For Catherine Racknagel, her favorite productions have been Clue, Fiddler on the Roof, and Into The Woods,” said Catherine. “For Clue, I student-directed. It was my first directing experience and I have so many special memories.” Some of those memories are bittersweet since it was the final show before Covid.
“In the spring of my junior year,” said Parr, “like most teens in quarantine, I was not thriving mentally. Because of this, I chose not to do the spring musical and wrote an email to my director explaining I didn’t have the courage I once did to commit to choices and be a good actor. [But] my director recognized that I needed the theater more than ever, that theatre was exactly the healing community I needed to create an outlet and reignite my passion. She brought me into production as an assistant choreographer, and eventually gave me a role when a fellow cast member was sick.”
Into The Woods was the first in-person show, post-Covid, remembered Catherine. “We put a new twist on things – our costumes and set were ‘steampunk.’” Woods, she said, “was the final show for a lot of my friends who were graduating.

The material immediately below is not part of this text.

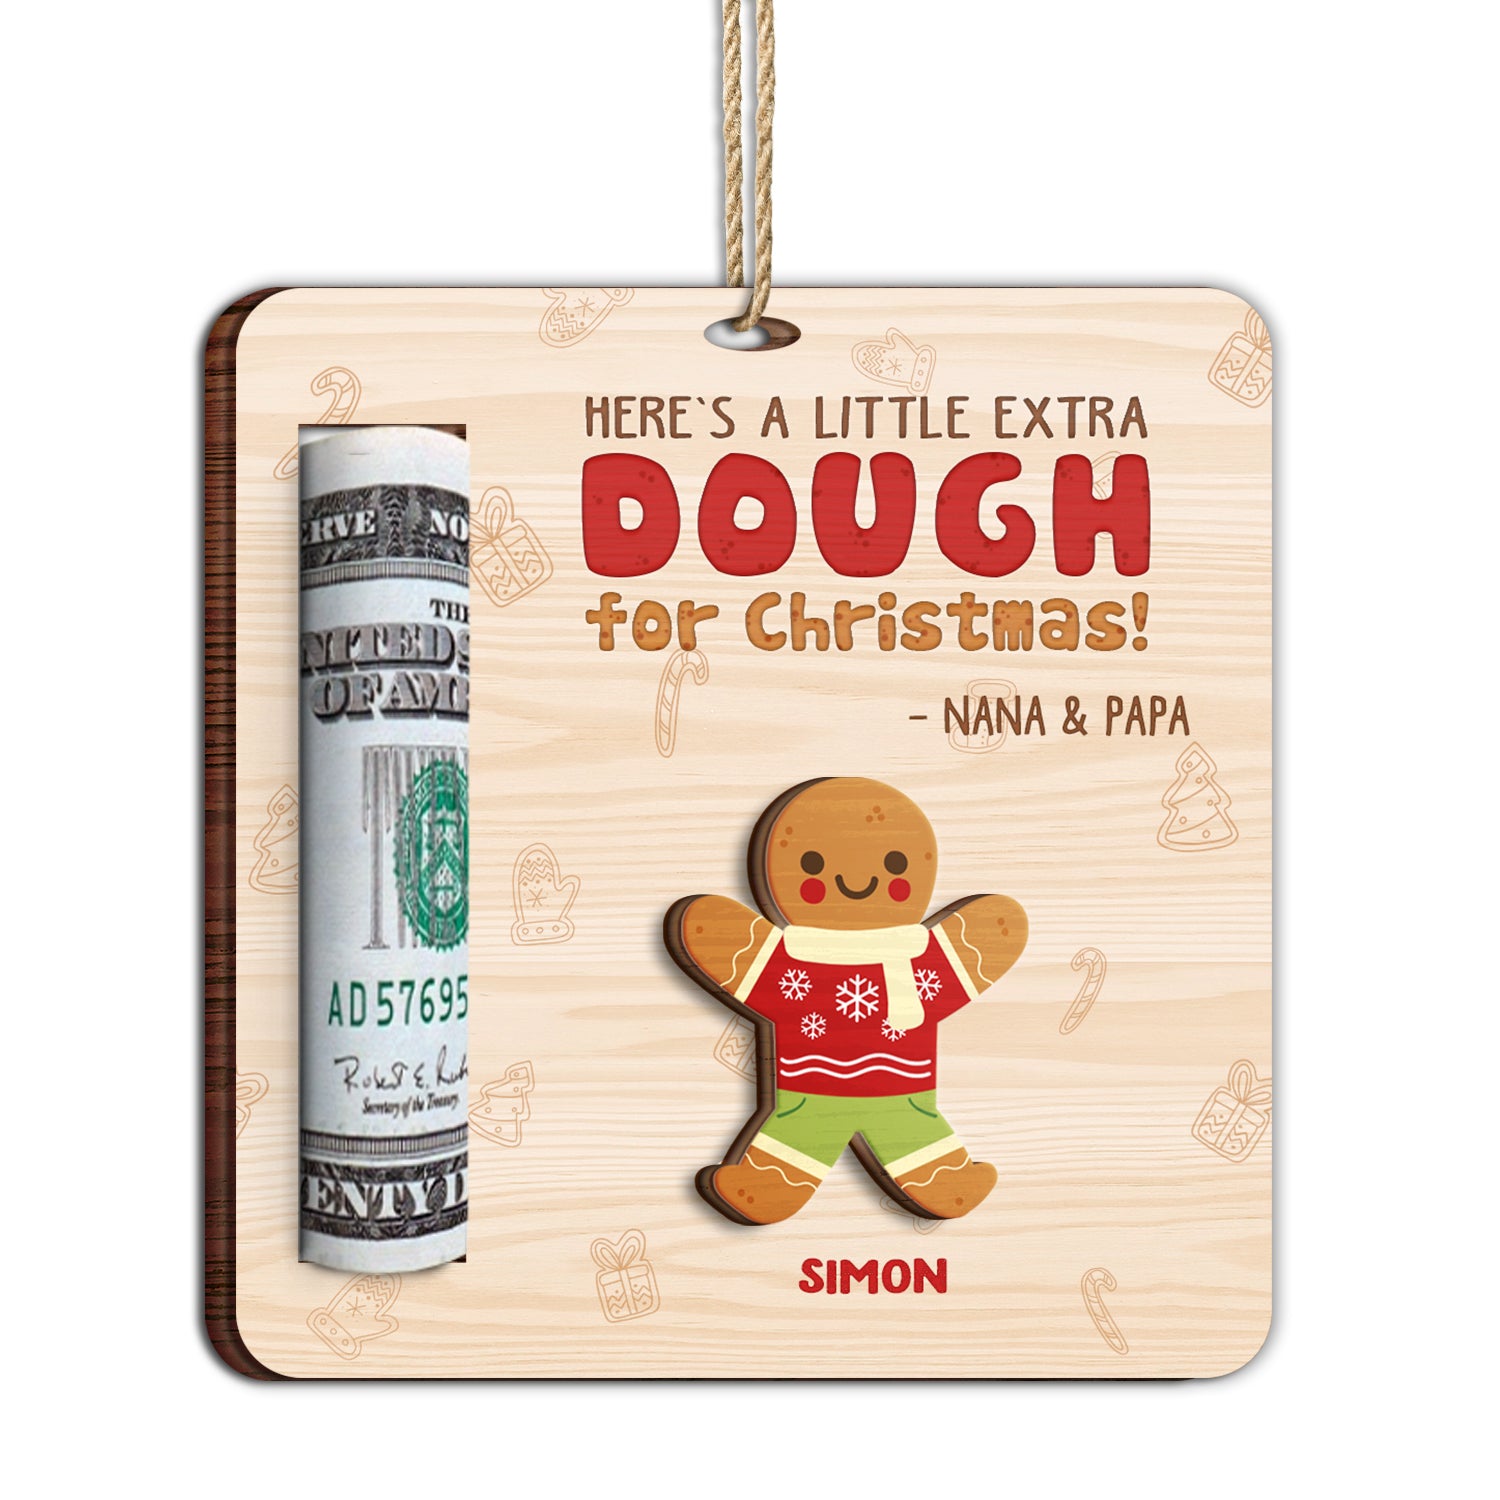 Little Extra Dough - Christmas Gift For Kids - Personalized 2-Layered Wooden Ornament, Money Holder Ornament
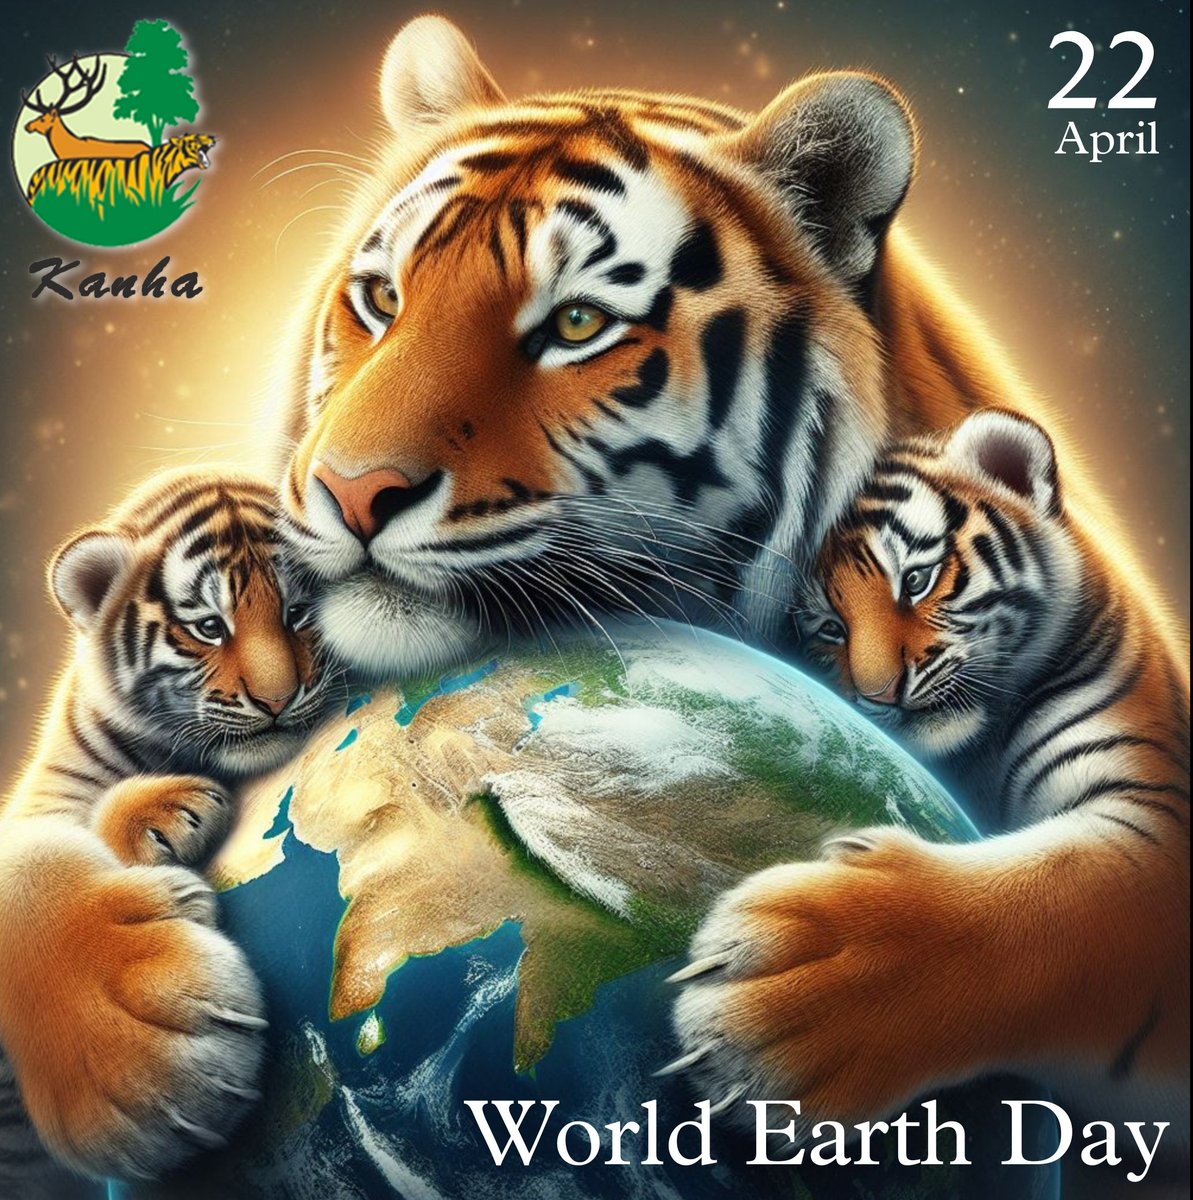 'Amidst the lush canopy of our forests, tigers stand as guardians of biodiversity. On #WorldEarthDay, let's pledge to protect these majestic creatures and the ecosystems they call home. 🌍🐅 #Conservation #Biodiversity'

So getting to do something on stage with them one last time, especially with a show as important as Into The Woods, was really special.”
Not only does the program offers students a glimpse into what it means to have a stage career, but it also gives them much-needed opportunities to advance, “We try to expose each class to a full slate of shows during their high school career – classic and new musicals, comedies, dramas, one-acts, etc.,” said Cleaveland. For success stories, he points out the students who pursue careers in theatre tech – and the millions of dollars in college scholarship offers. Confirmed Bogrette, “Seniors collectively earned over two million dollars in scholarship offers for theatre this year.”
The Ludus Advantage
Bogrette chose Ludus for its transparency and versatility. “Ludus was very transparent about their fees and they don’t charge fees for tickets unless I am charging fees for tickets. Zack and Kevin came up with many solutions to our problems such as figuring out a way to utilize Ludus for a parent silent auction fundraiser. Ludus also has the donation button and I feel like several patrons have utilized that —and they don’t necessarily have a student in the program.”
“I truly stand in awe in what our performers and tech students achieve with each show,” said Catherine’s mother, Nancy. “Our directors are the dream team; creative, patient, and caring in their roles as theatre and music educators. So many parents have stepped up to support financially, with donations of goods/services, and other volunteer duties. There is outstanding support from alumni and community members who come back to see shows (and buy tickets). It takes a village to make BHHS Theatre successful, and that is what we have.”